The linear mixing model

A common formulation for multi-output GPs assumes that the \(p\)-dimensional output vector is generated by linearly mixing \(m\) independent latent GPs:

\[ \mathbf{y}(t) = \mathbf{H}\,\mathbf{x}(t) + \boldsymbol{\varepsilon}(t), \]

where - \(\mathbf{x}(t) = \bigl(x_1(t),\ldots,x_m(t)\bigr)^\top\) collects \(m\) independent latent GPs, each with kernel \(k_i\), - \(\mathbf{H} \in \mathbb{R}^{p \times m}\) is the mixing matrix that maps from latent space to output space, and - \(\boldsymbol{\varepsilon}(t) \sim \mathcal{N}\bigl(\mathbf{0},\,\sigma^2 \mathbf{I}_p\bigr)\) is i.i.d. observation noise.

Given \(n\) input locations, we stack all observations into a vector \(\bar{\mathbf{y}} \in \mathbb{R}^{np}\). Its joint covariance is

\[ \begin{aligned} \operatorname{cov}[\bar{\mathbf{y}}] = (\mathbf{H} \otimes \mathbf{I}_n)\, \operatorname{blkdiag}(\mathbf{K}_1,\ldots,\mathbf{K}_m)\, (\mathbf{H} \otimes \mathbf{I}_n)^\top \sigma^2\,\mathbf{I}_{np}, \end{aligned} \]

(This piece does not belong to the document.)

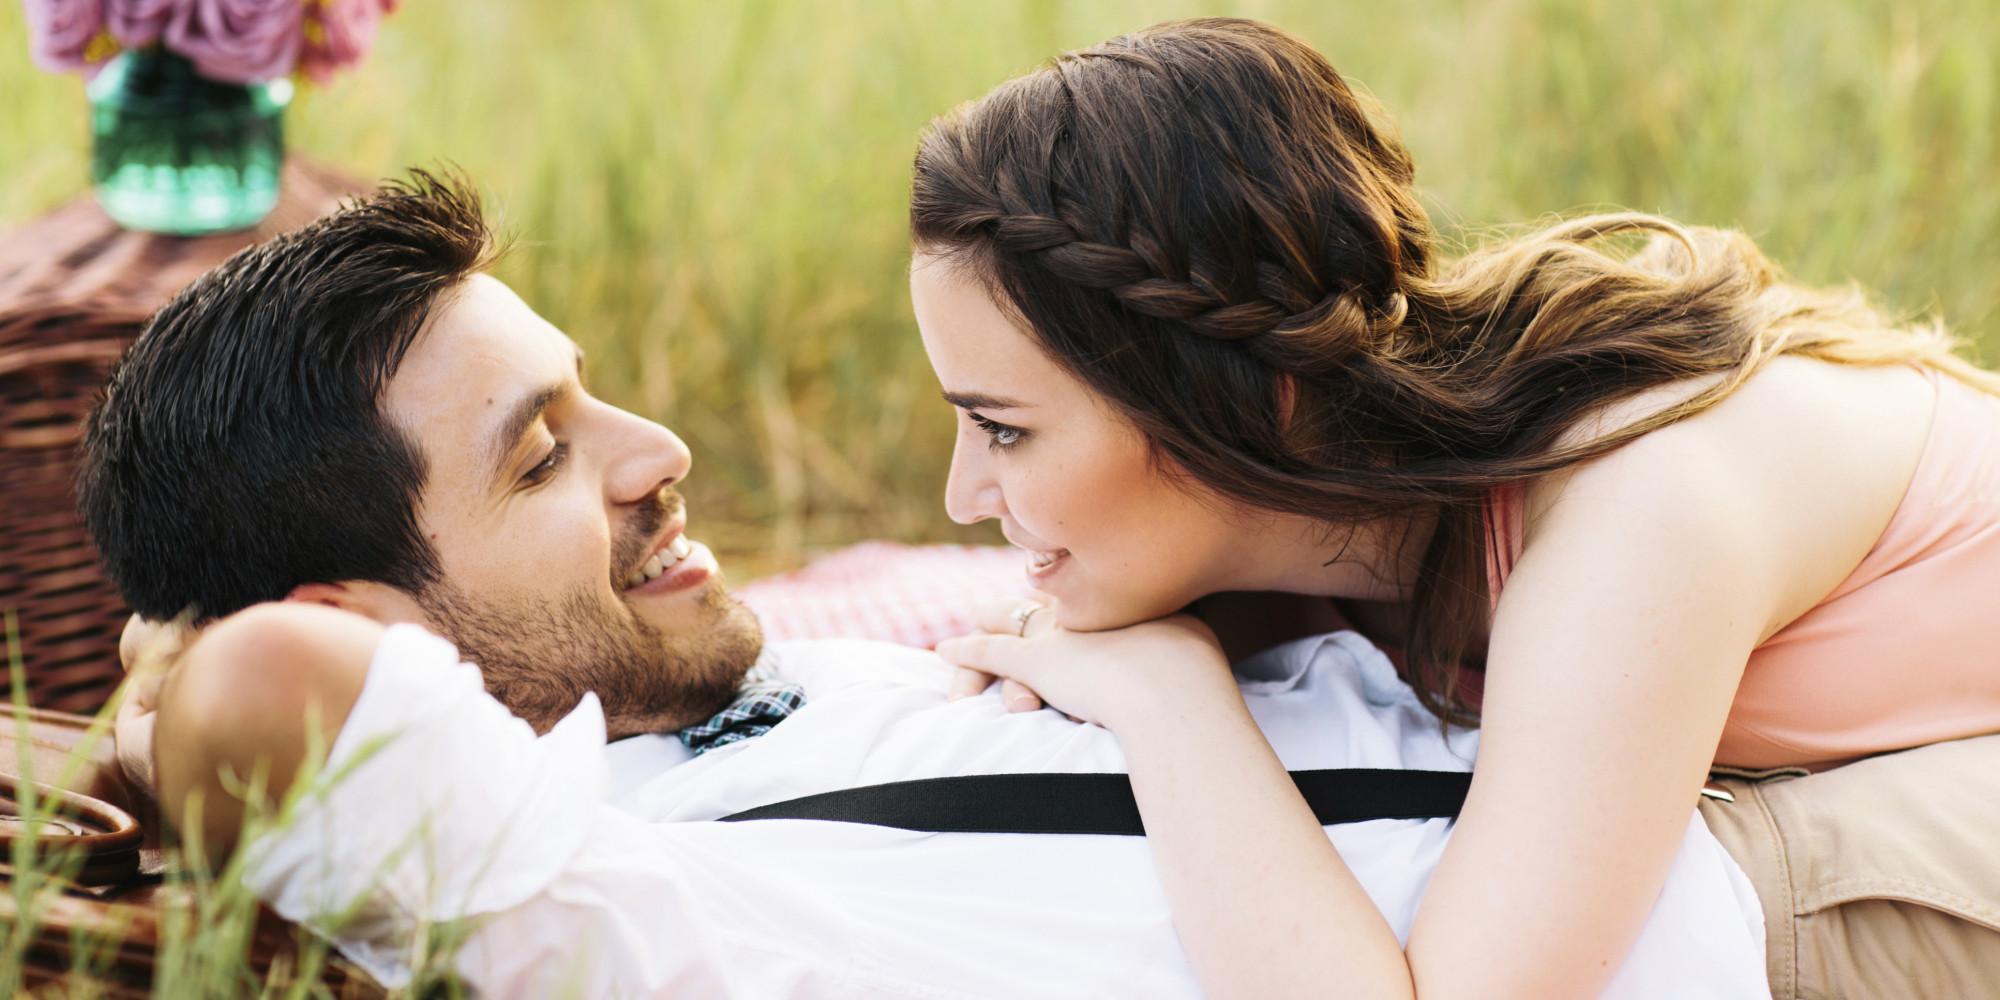 بالصور صور عشاق رومانسيه , عشاق الرومانسية اين انتم 449 5
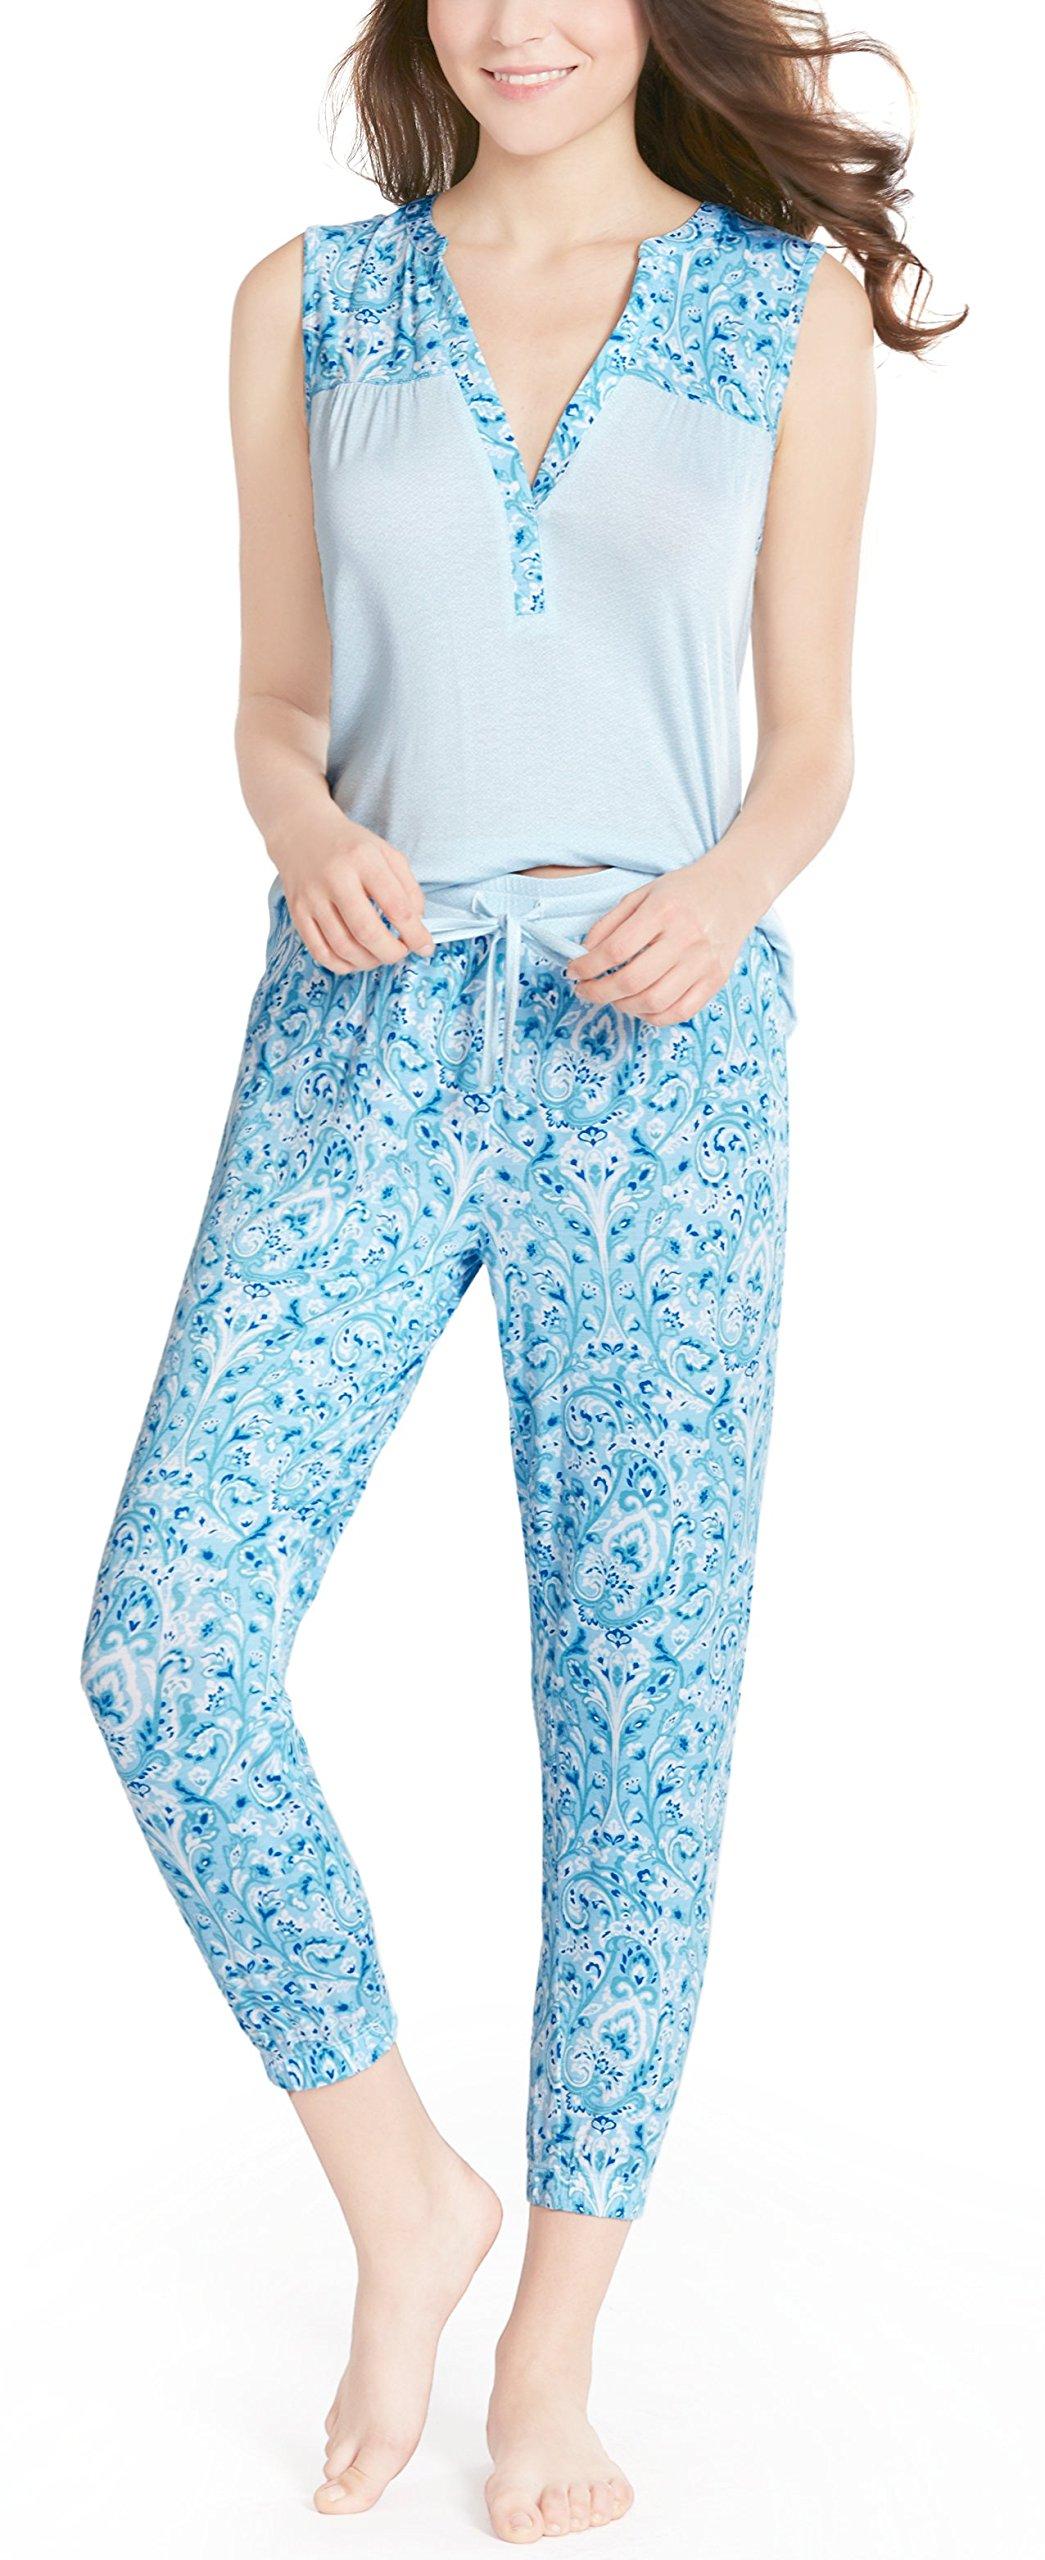 Summer Pajamas Women, Stylish Print Ladies Pajama Set - Pjs Woman Button Sleeveless Jogger Capri Lounge Pants Sweet Paisley XL

where \(\mathbf{K}_i\) is the \(n \times n\) Gram matrix of the \(i\)-th latent kernel. Inverting this \(np \times np\) matrix naively costs \(\mathcal{O}(n^3 p^3)\), which is impractical when \(p\) is even moderately large.

The OILMM parameterisation

OILMM constrains \(\mathbf{H}\) to have orthogonal columns by writing

\[ \mathbf{H} = \mathbf{U}\,\mathbf{S}^{1/2}, \]

where \(\mathbf{U} \in \mathbb{R}^{p \times m}\) has orthonormal columns (\(\mathbf{U}^\top\mathbf{U} = \mathbf{I}_m\)) and \(\mathbf{S} = \operatorname{diag}(s_1,\ldots,s_m)\) with each \(s_i > 0\) is a positive diagonal scaling matrix.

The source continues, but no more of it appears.